# Whats you favor oatmeal??



## Artic137 (Jan 12, 2013)

Mine is apple whats yours


----------



## Elzee (Jan 14, 2013)

I prefer to cook my own oatmeal, usually the one minute oatmeal and then, just add nuts, coconut, dried cranberries, and other dried fruit - depending what I have in my kitchen cupboards. Usually I add cinnamon and nutmeg. A little sprinkle of nutmeg really adds something special to hot oatmeal. My husband adds a pat of butter to his hot oatmeal. I am trying to cut back on fats and sugars, so I only add a little sweetener to my oatmeal. Plus, of course, the chopped nuts and dried fruits.


----------



## Knightofalbion (Jan 14, 2013)

I only use porridge oats, uncooked, with soya milk. 

Oats are a very healthy food.


----------



## Steve (Jan 19, 2013)

I make porridge for breakfast quite often especially during those rather cool mornings when it is around the -28c mark..
Somehow a hot bowl of cereal in the morning seems to stick to your ribs and warm up the cockles of your heart..
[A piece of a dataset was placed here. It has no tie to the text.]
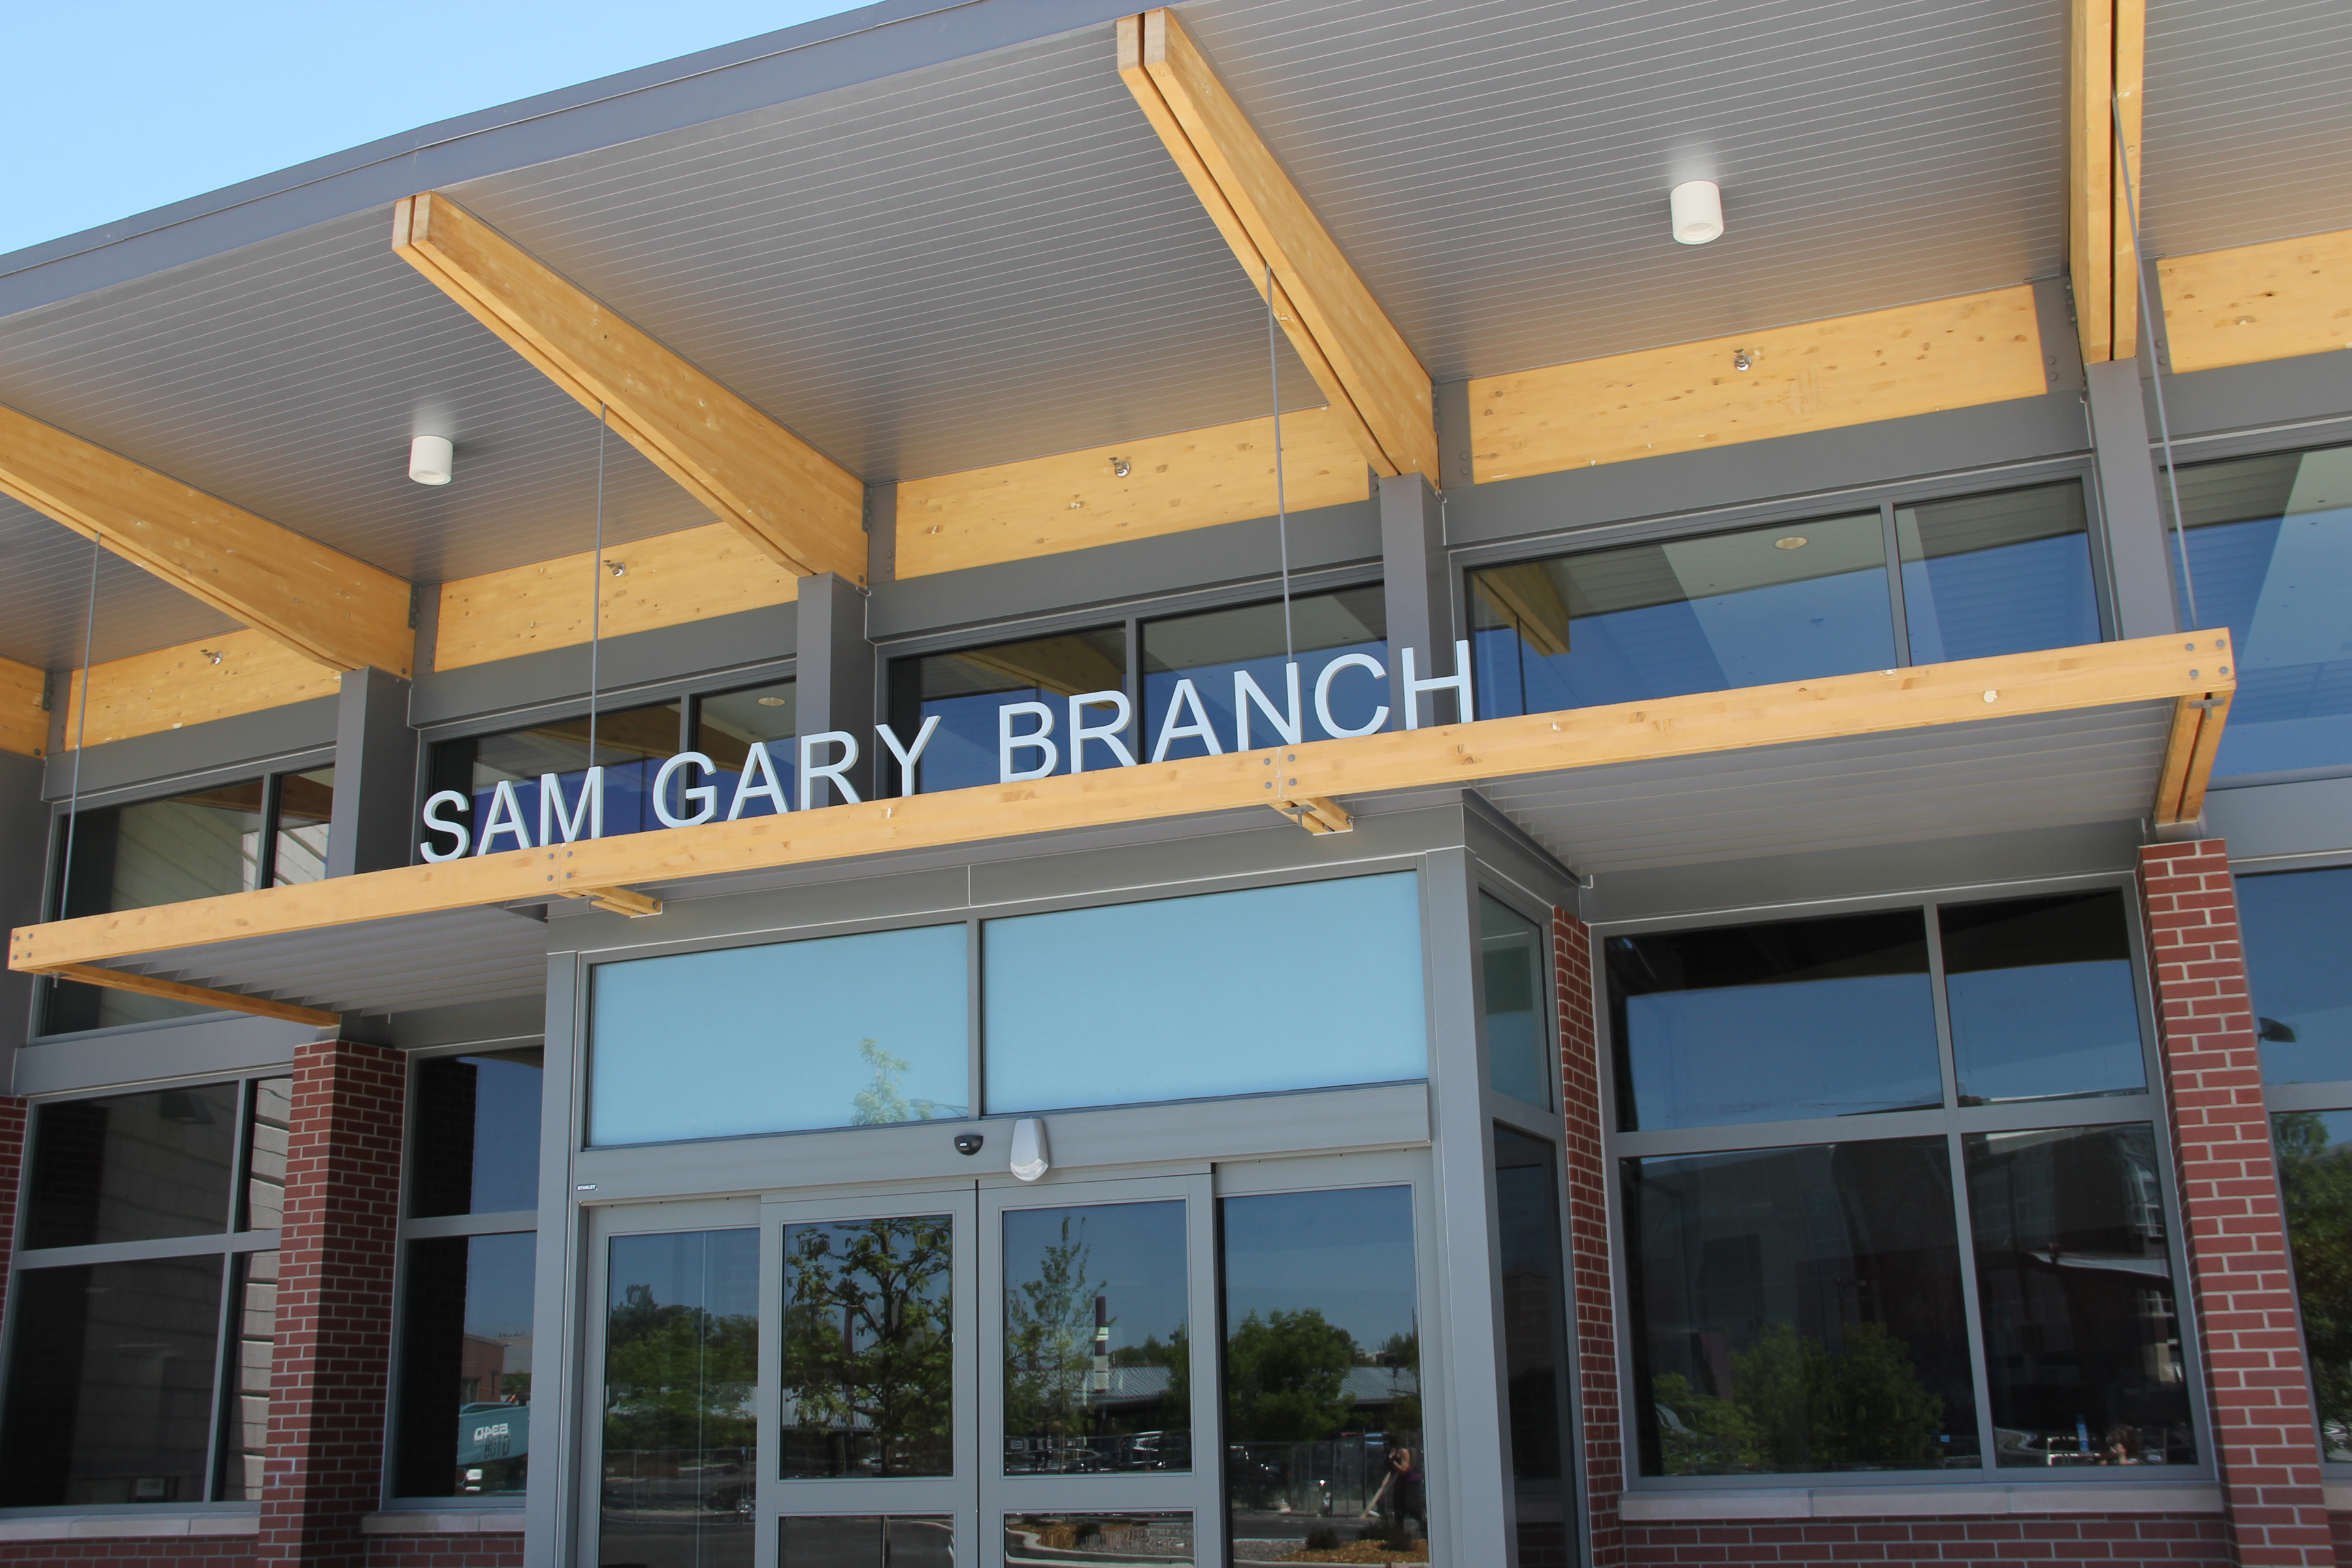 Denver Public Library - Sam Gary branch exterior

I make and serve mine just plain and add some splenda brown sugar and heavy cream.. That's all !!!
I use either the one minute one or the quick one but NEVER that instant stuff.. I will cook my oatmeal................


----------



## rkunsaw (Jan 26, 2013)

I prefer the texture of old fashioned oats. I add honey,milk or cream, cinnamon, chopped nuts and bits of dried fruit when I have some.


----------



## Ozarkgal (Jan 29, 2013)

Old fashion oats, with chopped apple cooked in, cinnamon and a dash of lowfat half n half on top....yummy on a cold morning.


----------